Dirichlet's theorem for modulus eight

Statement

For any odd natural number ${\displaystyle a}$, there are infinitely many primes ${\displaystyle p}$ such that:

${\displaystyle p\equiv a{\pmod {8}}}$.

Facts used

1. Congruence condition for two to be a quadratic residue
2. Congruence condition for minus one to be a quadratic residue
3. Nonconstant polynomial with integer coefficients and nonzero constant term takes infinitely many pairwise relatively prime values

Proof

We need to consider four congruence classes modulo ${\displaystyle 8}$: ${\displaystyle 1,3,5,7}$. We do these case by case.

Congruence class of ${\displaystyle -1}$ modulo ${\displaystyle 8}$

By fact (2), ${\displaystyle 2}$ is a quadratic residue modulo ${\displaystyle p}$ if and only if ${\displaystyle p\equiv \pm 1{\pmod {8}}}$. In particular, a prime ${\displaystyle p}$ can divide ${\displaystyle n^{2}-2}$ for some natural number ${\displaystyle n}$ if and only if ${\displaystyle p\equiv \pm 1{\pmod {8}}}$.

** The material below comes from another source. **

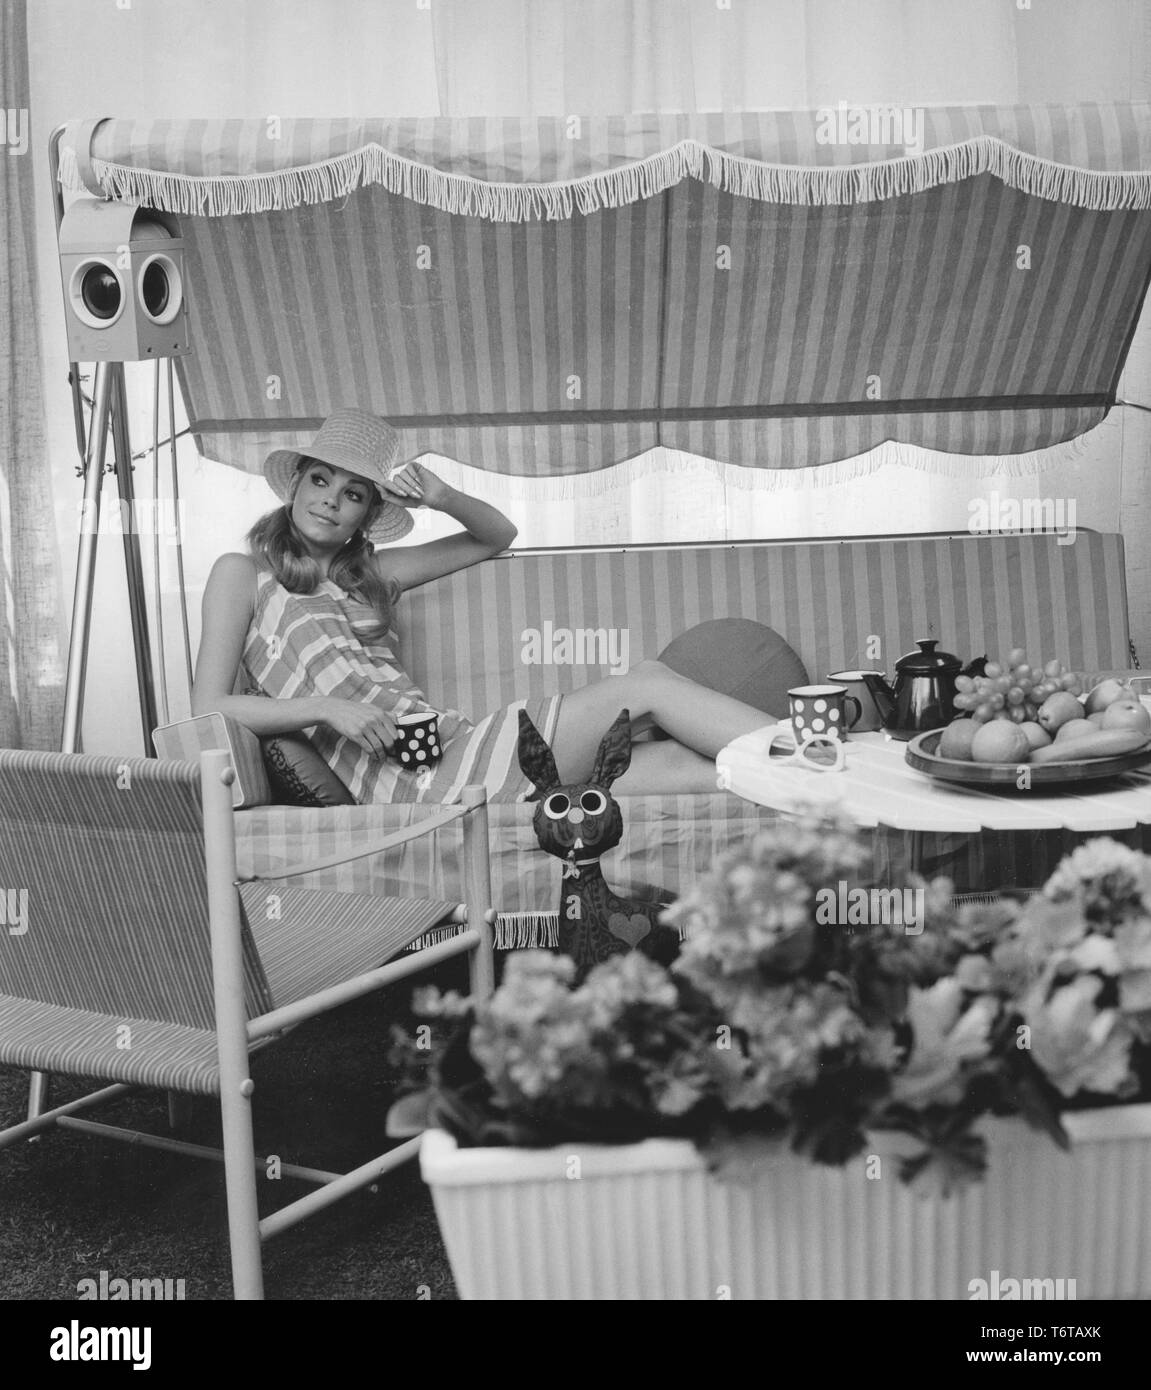 Estate degli anni sessanta. Una giovane donna è seduta comforably in una amaca di bere caffè. Il design dei mobili e il suo vestito rappresenta il sessanta decade molto bene. La Svezia degli anni sessanta Foto Stock

Consider now the polynomial ${\displaystyle f(x)=(2x+1)^{2}-2=4x^{2}+4x-1}$. For any natural number ${\displaystyle n}$, all prime divisors of ${\displaystyle f(n)}$ are congruent to ${\displaystyle \pm 1{\pmod {8}}}$. However, ${\displaystyle f(n)}$ itself is ${\displaystyle -1}$ modulo ${\displaystyle 8}$, so ${\displaystyle f(n)}$ must have at least one prime divisor that is ${\displaystyle -1}$ modulo ${\displaystyle 8}$. By fact (3), there are infinitely many pairwise relatively prime values of ${\displaystyle f(n)}$, yielding infinitely many distinct primes that are ${\displaystyle -1}$ modulo ${\displaystyle 8}$.

Congruence class of ${\displaystyle 3}$ modulo ${\displaystyle 8}$

By facts (1) and (2), we can deduce that ${\displaystyle -2}$ is a quadratic residue modulo ${\displaystyle p}$ if and only if ${\displaystyle p\equiv 1,3{\pmod {8}}}$. In particular, a prime ${\displaystyle p}$ can divide ${\displaystyle n^{2}+2}$ for some natural number ${\displaystyle n}$ if and only if ${\displaystyle p\equiv \pm 1{\pmod {8}}}$.

Consider now the polynomial ${\displaystyle f(x)=(2x+1)^{2}+2=4x^{2}+4x+1}$. For any natural number ${\displaystyle n}$, all prime divisors of ${\displaystyle f(n)}$ are congruent to ${\displaystyle 1,3{\pmod {8}}}$. However, ${\displaystyle f(n)}$ itself is ${\displaystyle 3}$ modulo ${\displaystyle 8}$, so ${\displaystyle f(n)}$ must have at least one prime divisor that is ${\displaystyle 3}$ modulo ${\displaystyle 8}$. By fact (3), there are infinitely many pairwise relatively prime values of ${\displaystyle f(n)}$, yielding infinitely many distinct primes that are ${\displaystyle 3}$ modulo ${\displaystyle 8}$.